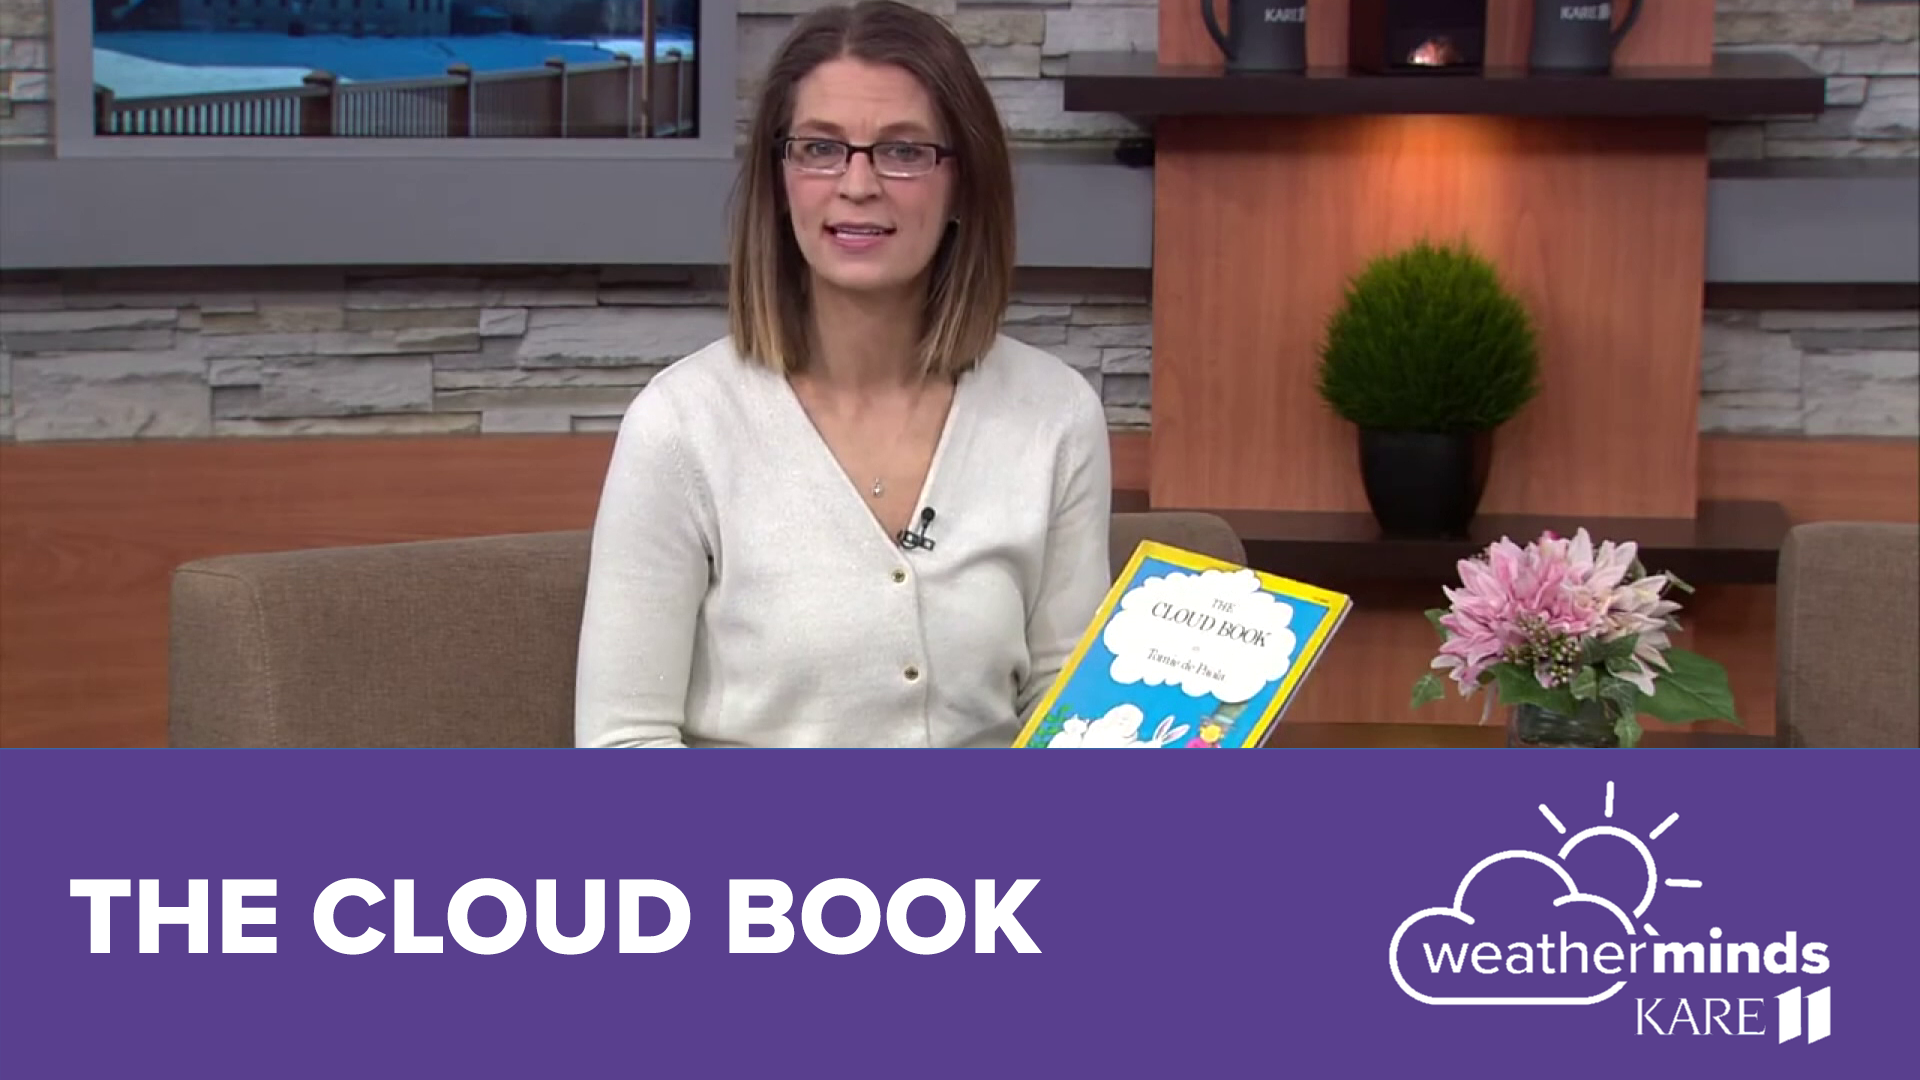 KARE 11 Meteorologist Laura Betker reads a children’s book about clouds from one her favorite children’s authors, Tomie dePaola.
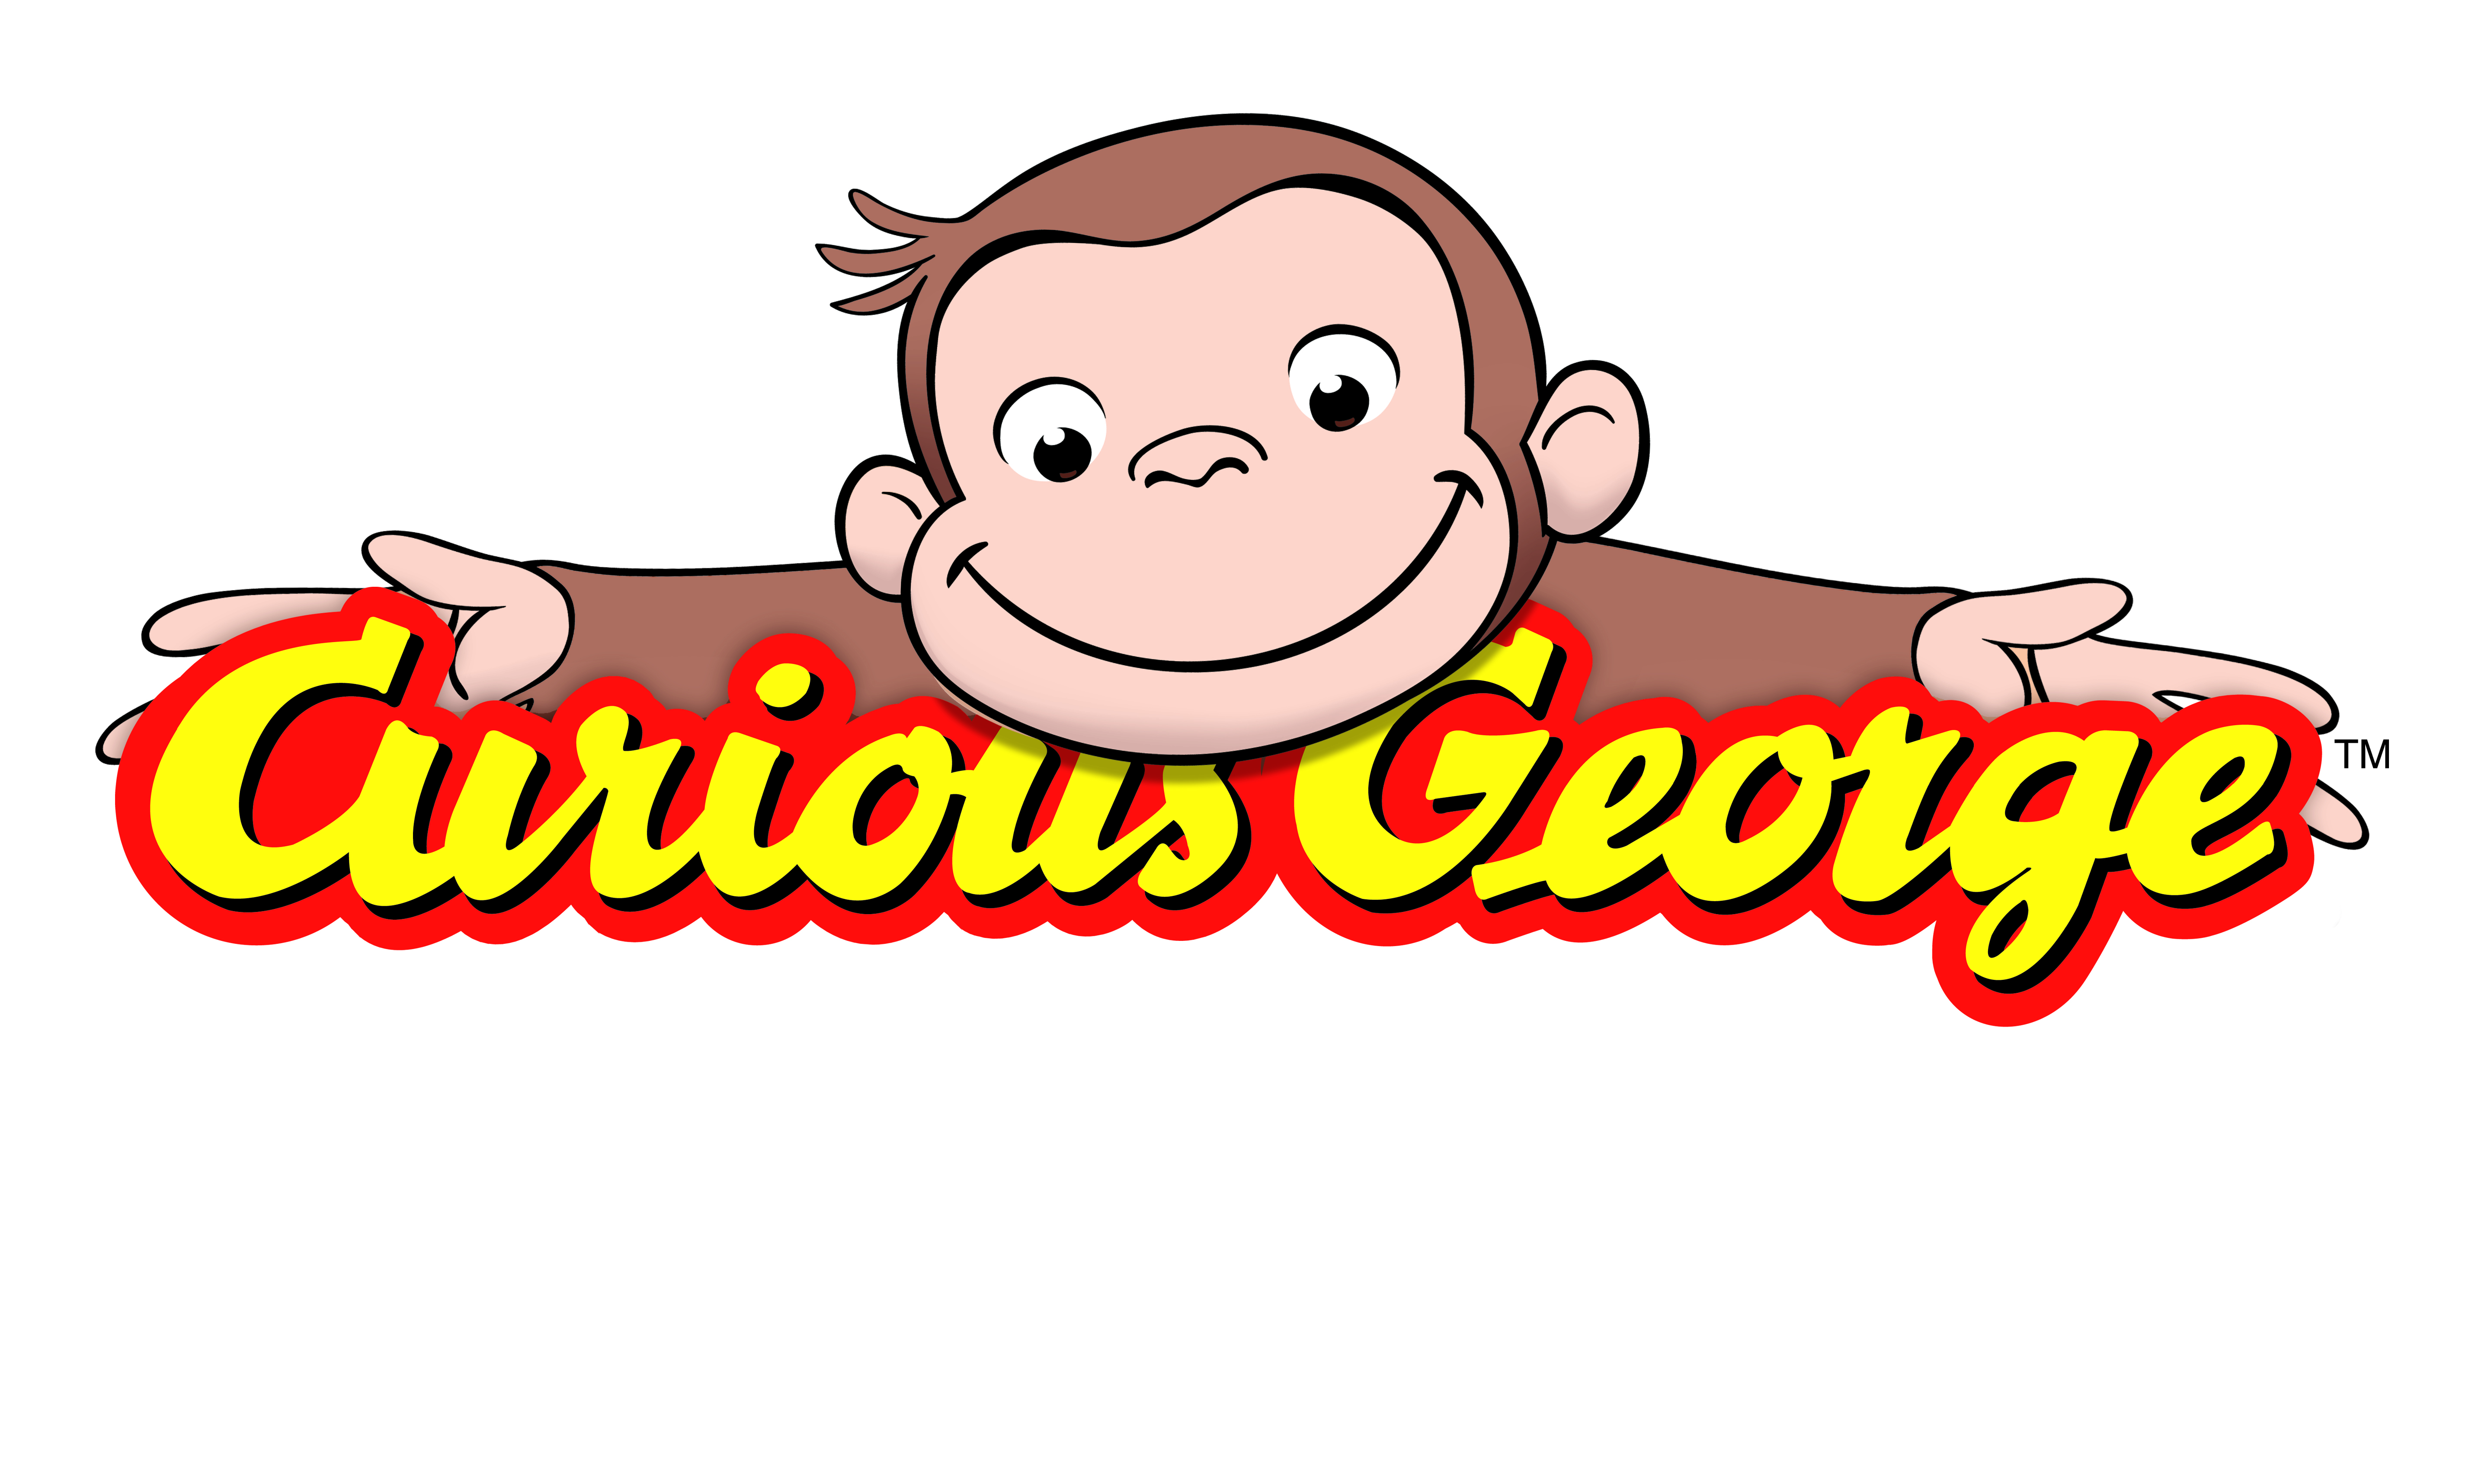 Curious George on Pinterest | 22 Pins
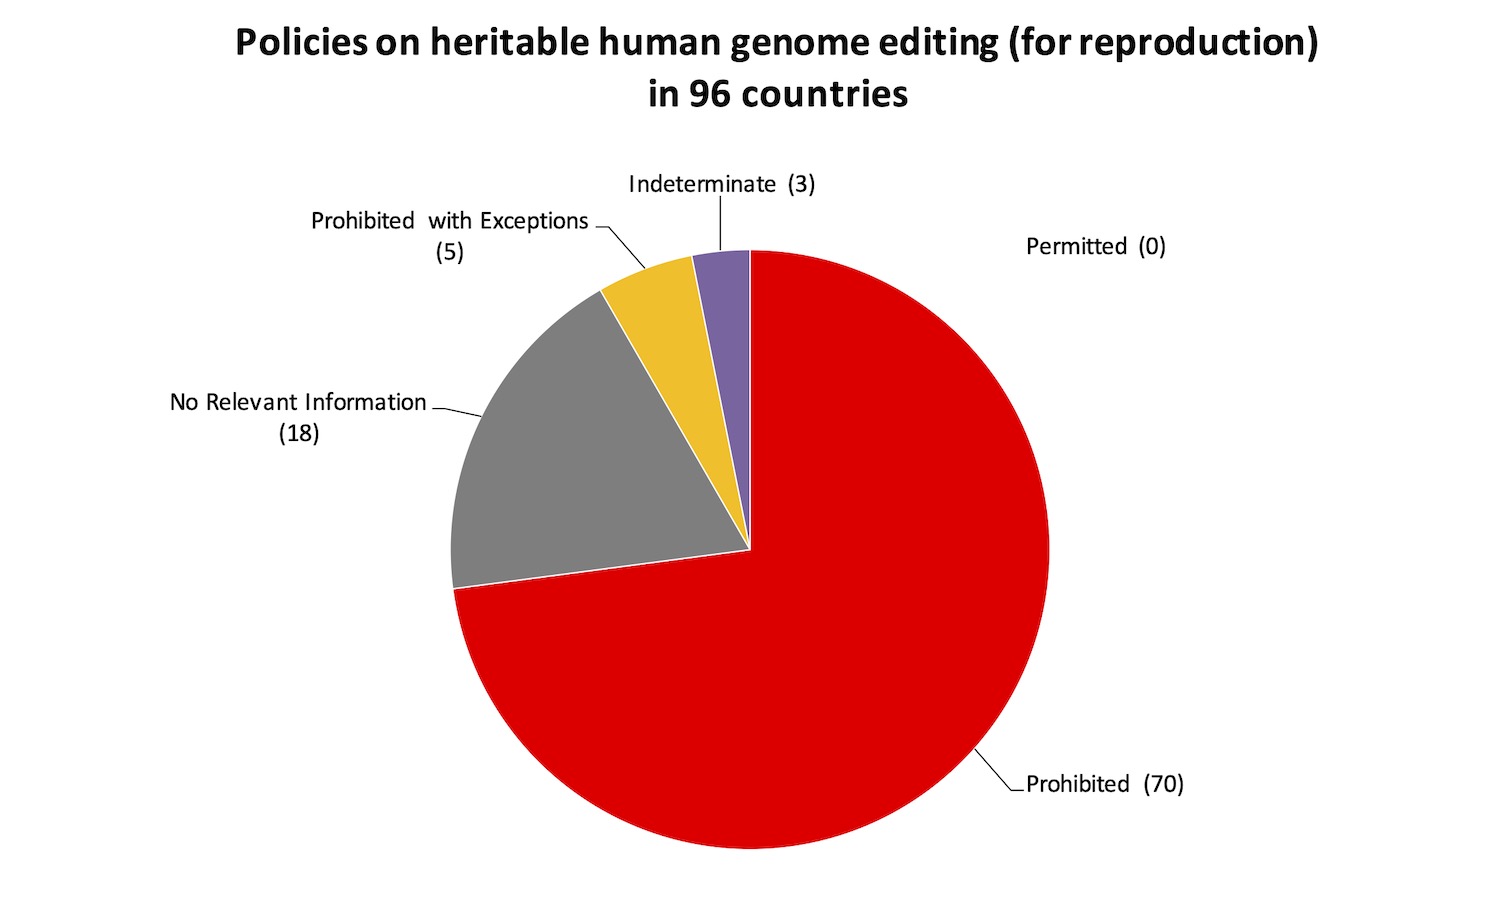 pie chart almost 3/4 red shows proportion of countries that prohibit heritable human genome editing
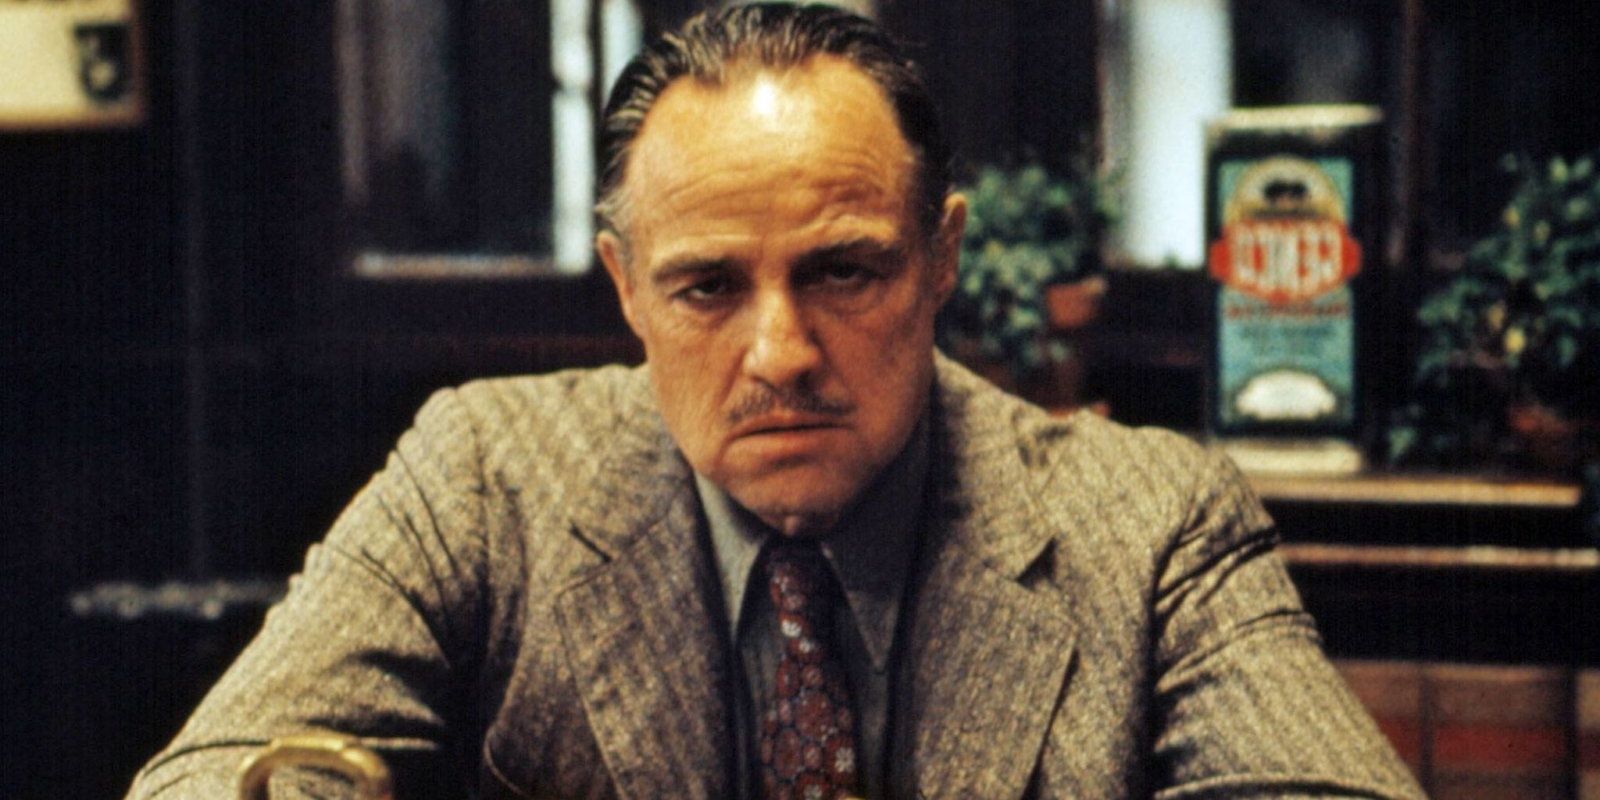 Vito Corleone discuses Nevada investments with his Consigliere in The Godfather

The task: Only the lines from the one containing "Curious George on Pinterest | 22 Pins" to the end of the listing belong in the answer, exactly as they stand and with no pictures.

Response area:
 Curious George on Pinterest | 22 Pins
 pie chart almost 3/4 red shows proportion of countries that prohibit heritable human genome editing
 Vito Corleone discuses Nevada investments with his Consigliere in The Godfather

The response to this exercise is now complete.